I'm the second-youngest of five, so saw three of my siblings get great results at school, go off to uni to do amazing degrees and then go into great jobs. They all worked so hard to get to where they are now, and they've done so well.
I also went to uni, but felt really pressured by my parents and school into making certain decisions. I liked the look of a Languages university course in Cardiff, but my Dad suggested that I apply to Oxford. I ended up getting in and have now finished my degree, graduating last summer. I liked the degree and some bits of living there and the whole experience, but the pressure that I felt during the course just reminded me of the pressure that I had growing up.
Education is sooo important to my parents, and it is really important to me too, but now that I've finished my degree, I just don't really know what to do with my life.
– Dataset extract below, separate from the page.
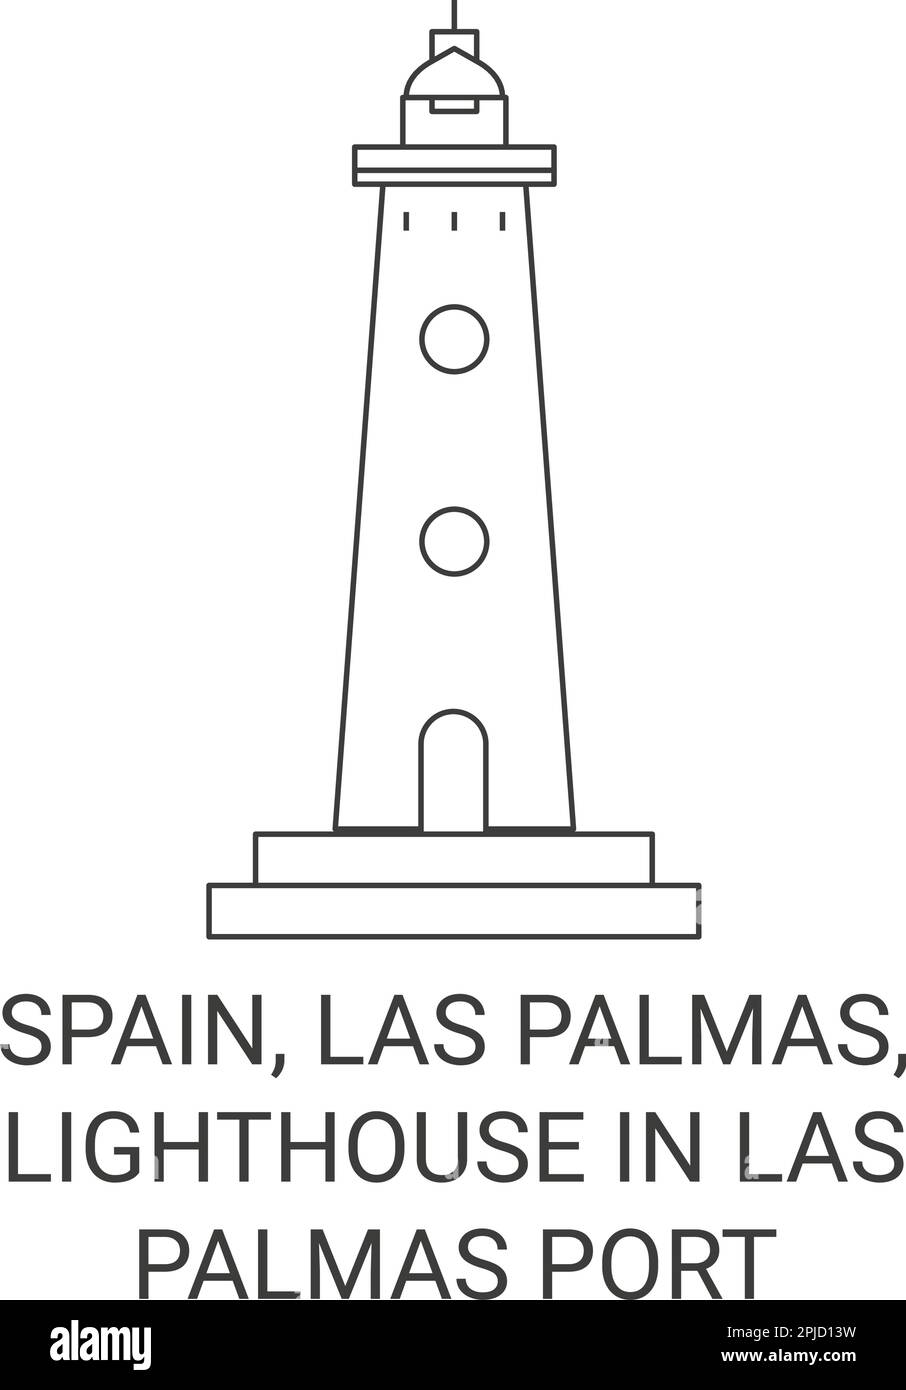 Spain, Las Palmas, Lighthouse In Las Palmas Port travel landmark vector illustration Stock Vector
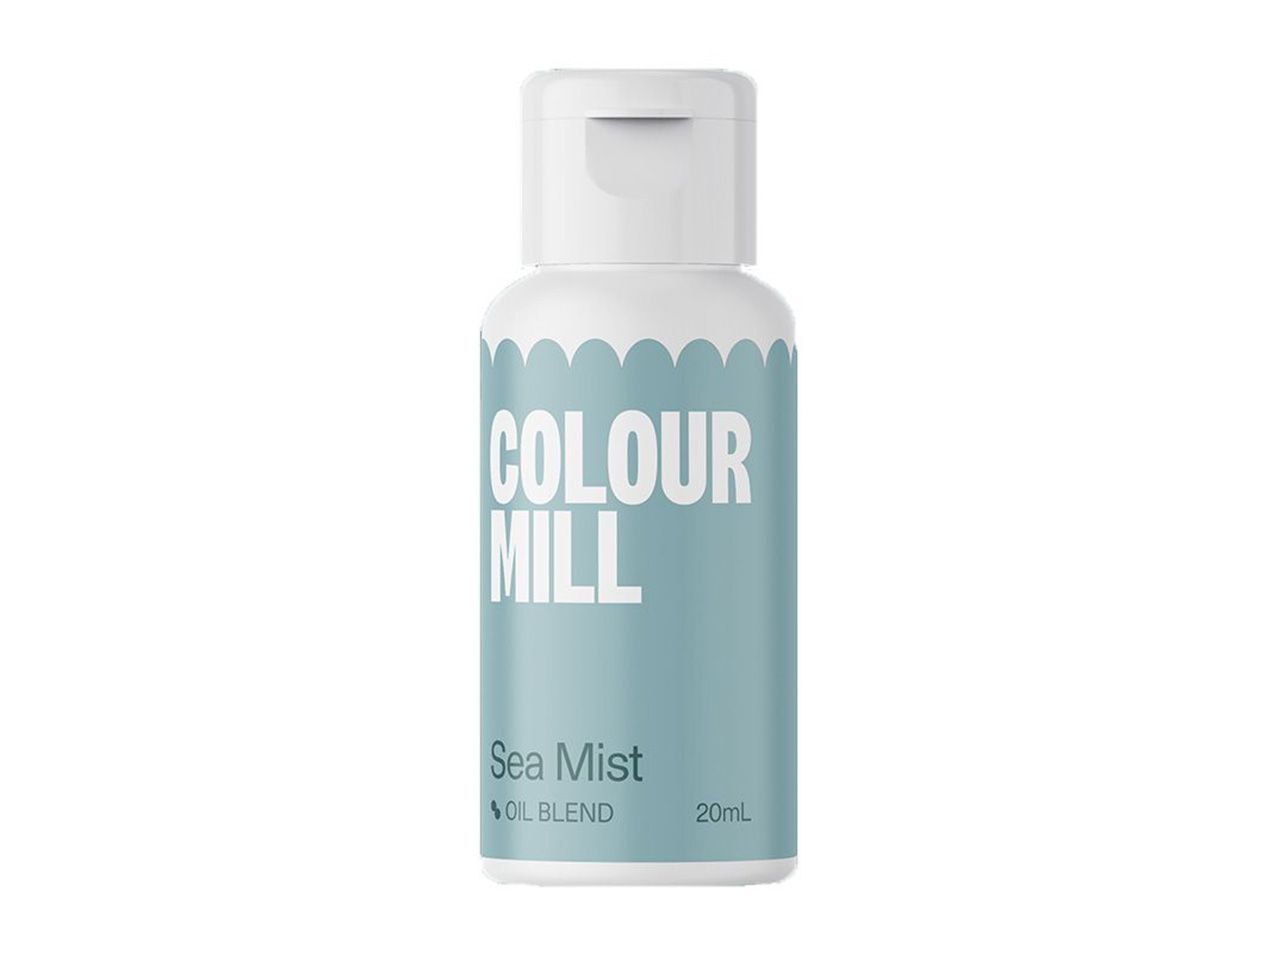 Lebensmittelfarbe öllöslich Sea Mist 20ml von Colour Mill

I feel so tired and exhausted.
Since finishing last year, I've been doing stuff like giving music lessons for local kids where I live and have a part-time job in a restaurant while I figure out what to do with my life.
I think my parents find it really embarrassing that I'm aimless and not doing anything specific with my life. They keep on saying I should try and do a law/finance grad scheme when they ask what I'll do with my life, but it's so hard to talk to them and my siblings as they're always so busy and I don't want to disturb them. I feel a bit like the family embarrassment 
I do want to be successful and to go into something where I can earn a good salary and progress, if that doesn't sound too money-grabbing. But I've looked at what my parents and siblings did, and honestly none of it appeals. My parents are a bit like Tiger-parents
and I really don't want to disappoint them, but I also think I have a right to enjoy my life and be happy with the job I do. Just stuck on what I can do.